By Jill Bright | Guest Author Diana Hoffman | Chicago Title
Our National Underwriter was working on title clearance for a pending transaction. The transaction involved an apartment building in Atlanta that recently underwent a remodel, which resulted in a mechanic’s lien.
The Underwriter worked with the contractor’s attorney to obtain a lien release. The attorney prepared the cancellation of the lien and a demand for payment of $76,325 on behalf of his client. His demand authorized Chicago Title to record the cancellation after payment of their demand was wired.
The attorney emailed copies to the Underwriter for her acceptance and signature.
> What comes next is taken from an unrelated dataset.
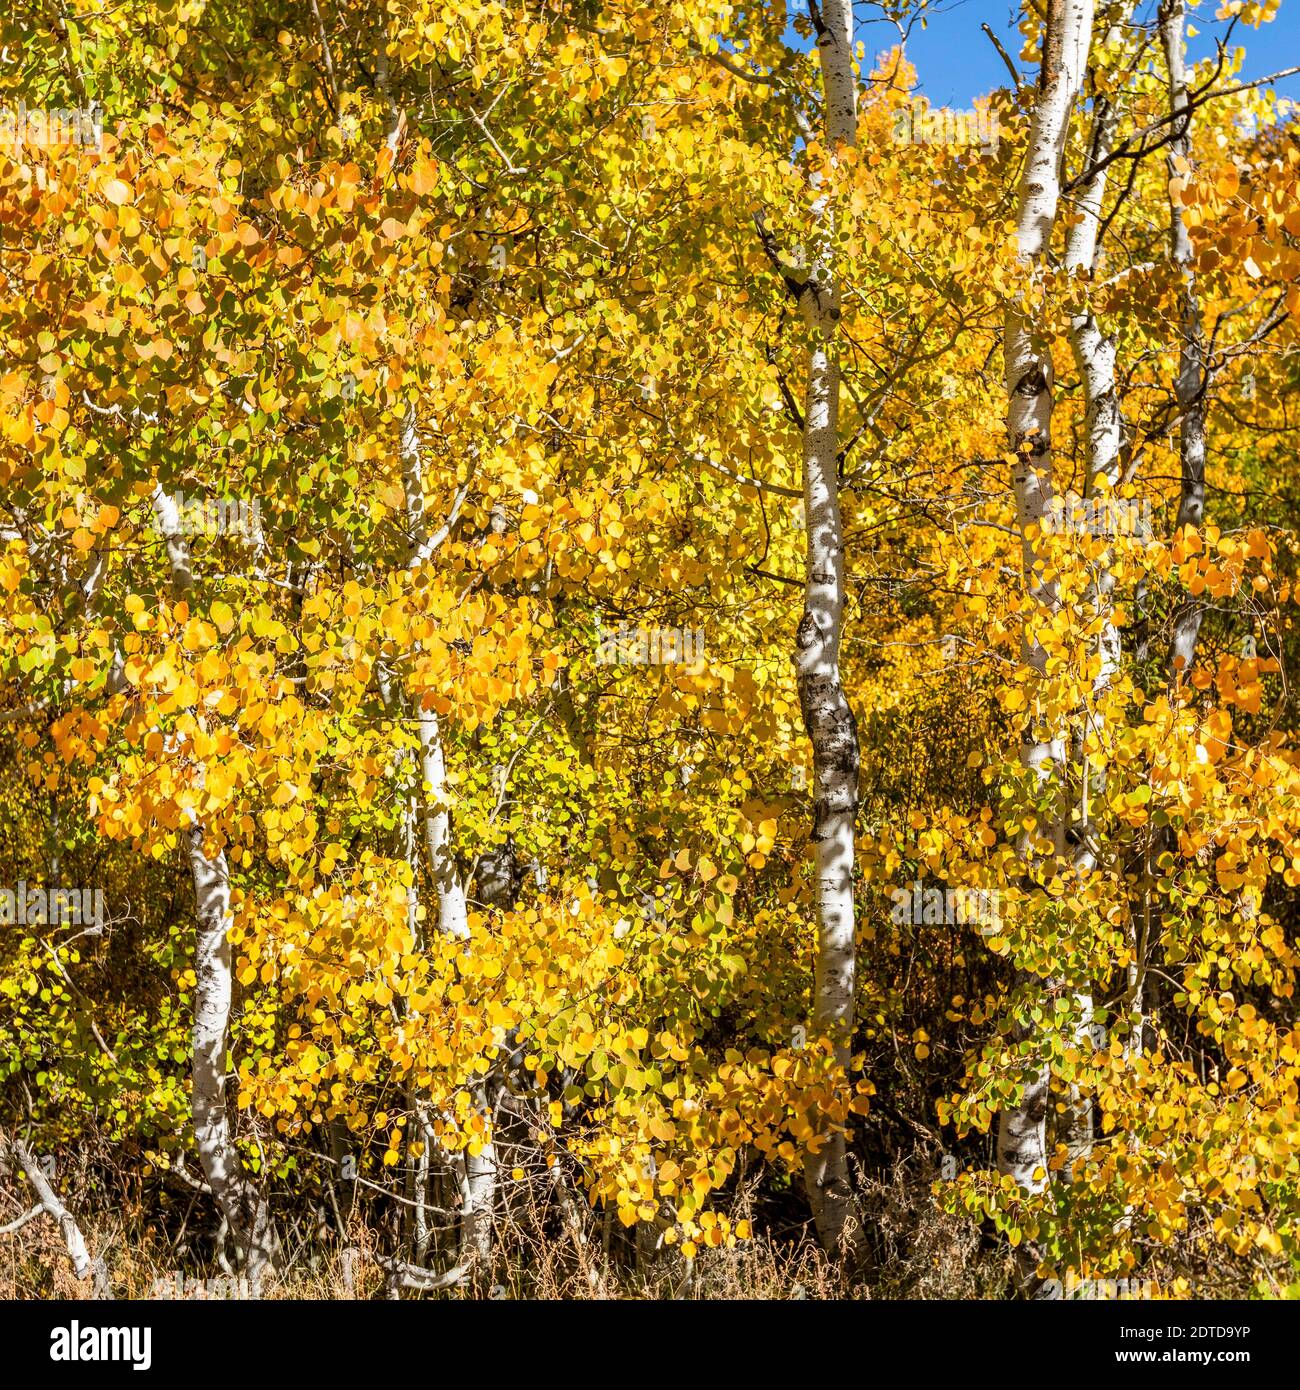 USA, Idaho, Sun Valley, Yellow aspen trees Stock Photo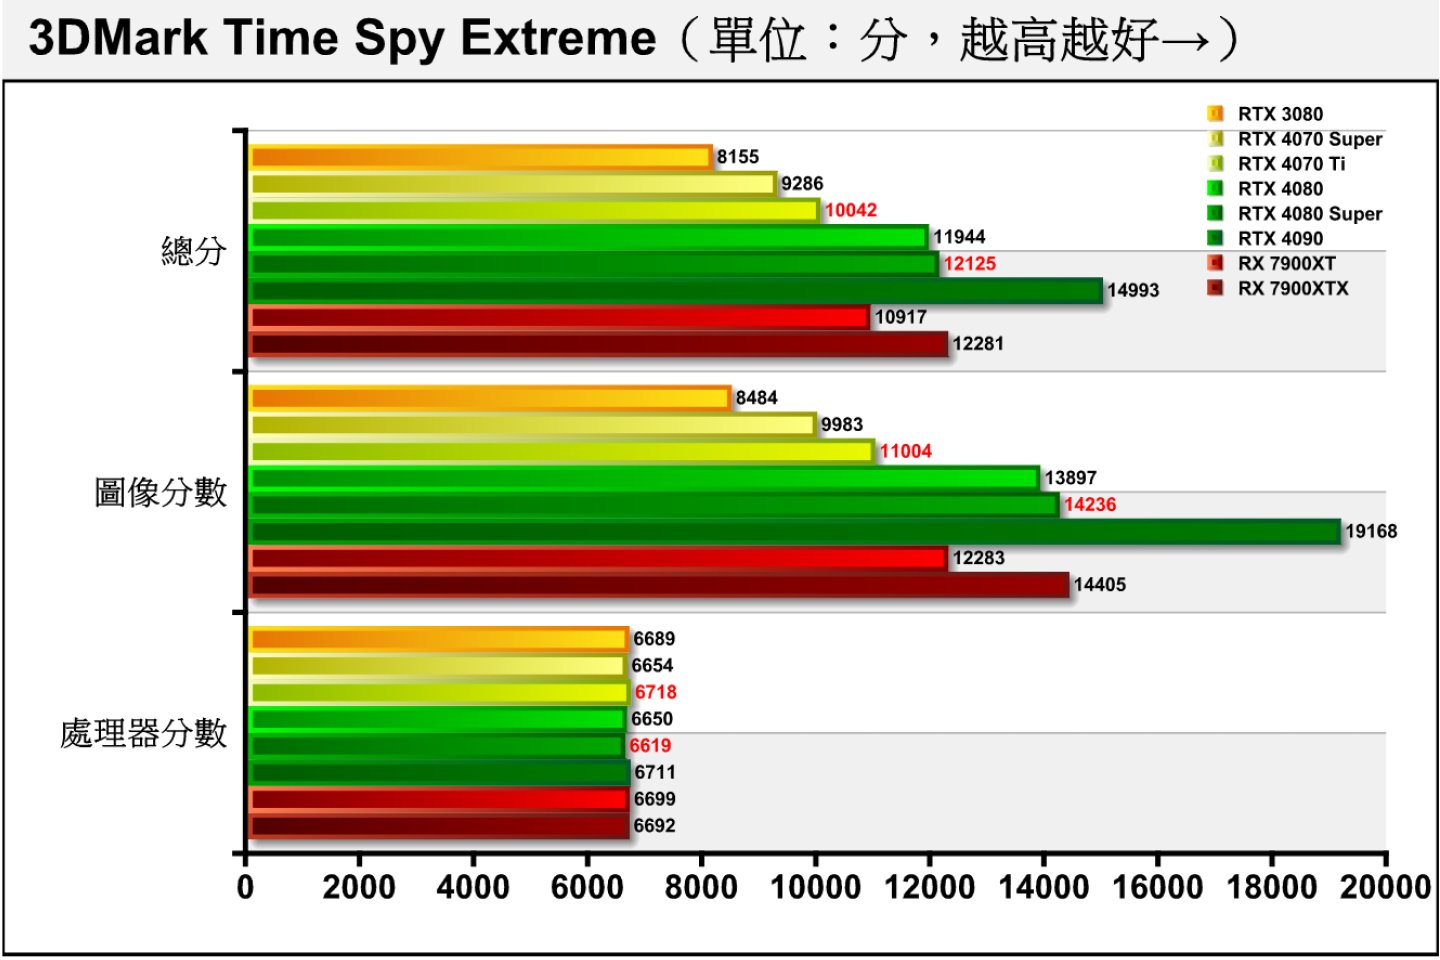 Time Spy Extreme將解析度提升至4K，RTX 4080 Super圖像分數的幅度領先幅度達2.44%。

Once she signed, he agreed to overnight the original documents to her.
The Underwriter reviewed the demand for payment and cancellation of the lien. They were in order, so she signed the demand and returned it via email to the lienholder’s attorney. However, the very next day she received a new email from the attorney which read:
Please kindly disregard the escrow letter I sent yesterday the bank Account on, I just confirm from our bank manager the account is going through financial audit and can’t be able to receive or process payment during this period.
Attached letter confirms the right accounts for payment, Please sign this so I can fedx the original today and confirm receipt of this email.
The Underwriter stopped dead in her tracks. She had heard about the methods used by criminals to divert wire transfers, but she could not believe it was staring her in the face. She picked up the phone and called the attorney at a known trusted phone number she had received at the beginning of the transaction.
The attorney confirmed the Underwriters suspicions. He never sent her new wire instructions. Nothing was wrong with his account, and it was not being audited.
Fortunately, the good guys prevailed that day, but the bad guys will not stop trying. The Underwriter knew all the signs and took the time to verify the information. Her actions saved the Company from a potential loss of nearly $77,000.
Our Escrow Officers, Title Department, & Underwriters are all trained to detect and prevent fraud which ultimately protects you!